Big Brother US: Majority Rules

BIG BROTHER US (Seasons 4, 6, 8, 10, 12, and 13)
"Majority Rules"

This is a fairly simple challenge, and a staple of the American version of Big Brother. Pretty simply, the remaining players are asked a gossipy, Cosmo-quiz question, and must choose one of two housemates as their answer. Those players who select the majority answer remain in the challenge; those players who do not are eliminated. If both answers get the same number of votes, the question is ignored and everybody remaining moves on. The challenge continues until there is only one player left or until the limited number of questions have been exhausted, in which case a sudden death tiebreaker is asked. This particular challenge has always been a Head of Household challenge, which basically means that one player (who won the previous week's such challenge) is out even before the challenge begins.
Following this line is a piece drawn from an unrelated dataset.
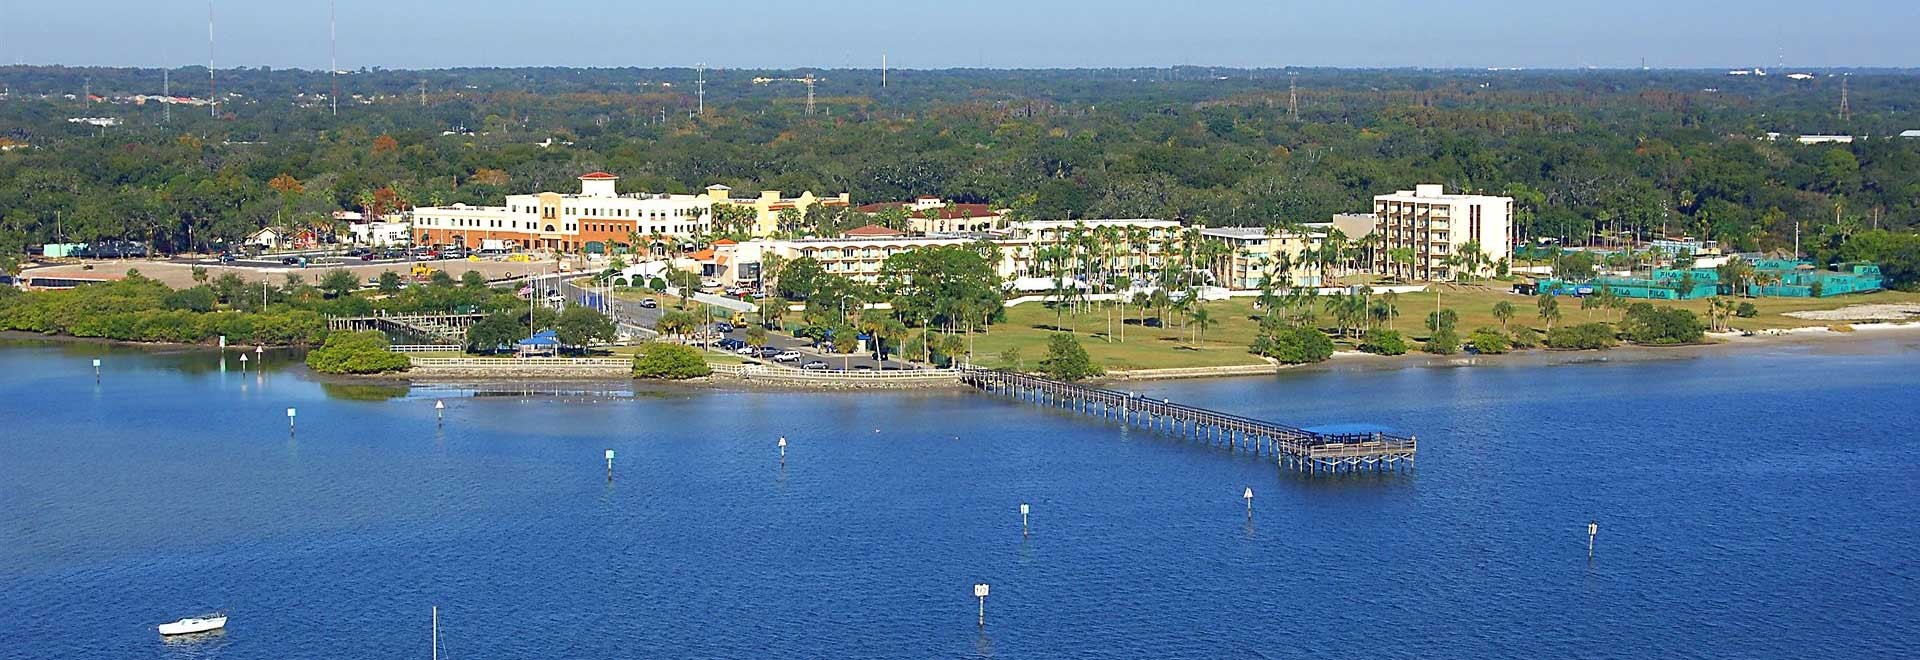 Safety Harbor Resort and Spa, Florida - Book. Travel. Play.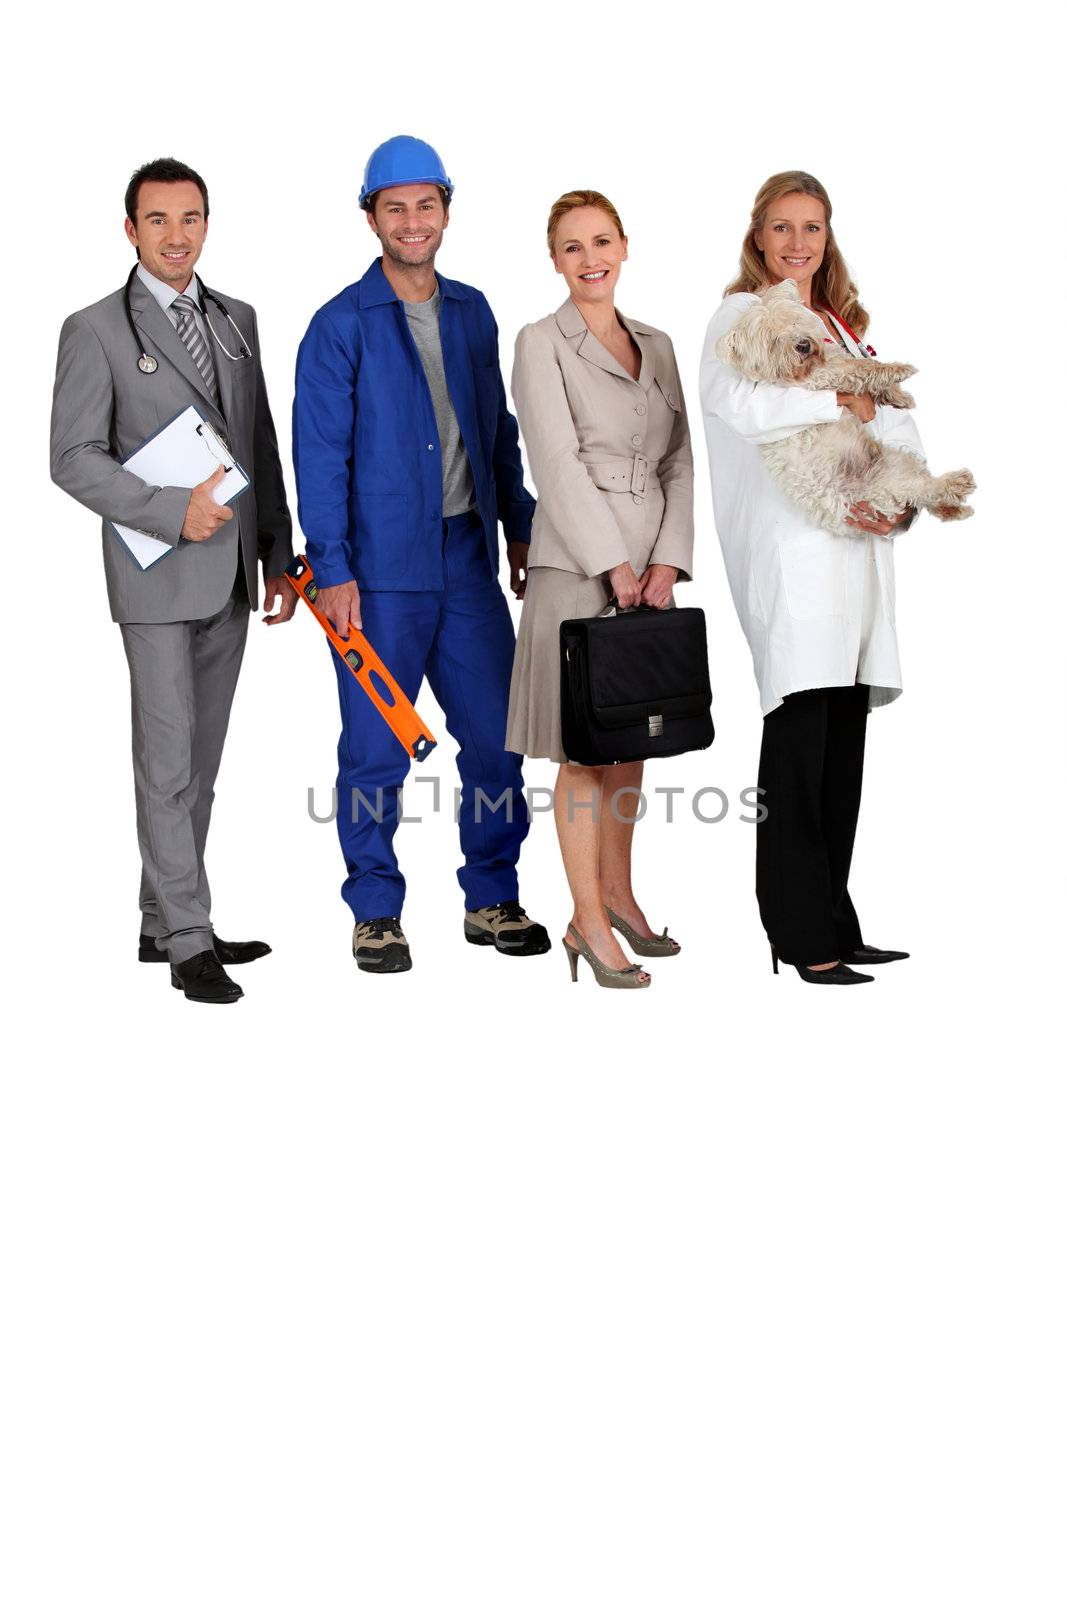 A doctor, a workman, an office woman and a vet with a dog in her arms all looking at us. by phovoir

Have you noticed what makes this challenge so stupid yet? It's literally impossible to get a winner without having to use the tiebreaker question. Think about it. You need exactly one person to win. And what Earth numbers is "one" a majority of? That's right, only "one". If you get down to two people at any point, then any question asked will either wind up with both players picking the same option, deeming it worthless, or picking different options, deadlocking the vote and again deeming it worthless. If you have any higher number, then one is the clear minority and that sole player will be eliminated. In other words, you could just ask the tiebreaker question straight away and still get a result just as valid. Normally, if it was a one-off challenge, you could assume it was just an oversight of the producers' behalf and be done with it. But this challenge has been used - in the exact same format - SIX TIMES. That's just a bad combination of ignorance and complacency.

So, how do we fix this? The way I see it, there are two basic options. You can either run the challenge in the same format with an odd number of players but get everybody to answer every question (with lights or something to help mark who's still in the challenge, and with the odd number of players eliminating the possibility of deadlocked questions); or you can go straight to the "what did this specific subset of players think?" part of the challenge that winds up happening after the first eliminations by having players guess what the player sitting out (and later what they and the other eliminated players) said. Neither option is entirely foolproof - although it's far less likely, there's still a need for a tiebreaker question in both - but surely it's better than the current format.

Or they could just get rid of the challenge idea entirely. It's not an interesting challenge to begin with, really.

1 comment:

  1. For what it's worth, the main reason it probably gets played again and again is that despite the fact that there's usually a large alliance that forms the first week, the competition is always won by someone outside said alliance.

    That being said, I don't see it being played anymore; given that in 11 people were openly plotting how to cheat at it (a majority alliance simply would alternate A and B until the others were eliminated), it's not a stretch to think that others would do so also. I suspect it was played in 12 since no one was willing to make an obvious move, lest they end up on the wrong side of a viewer-granted Coup d'Etat.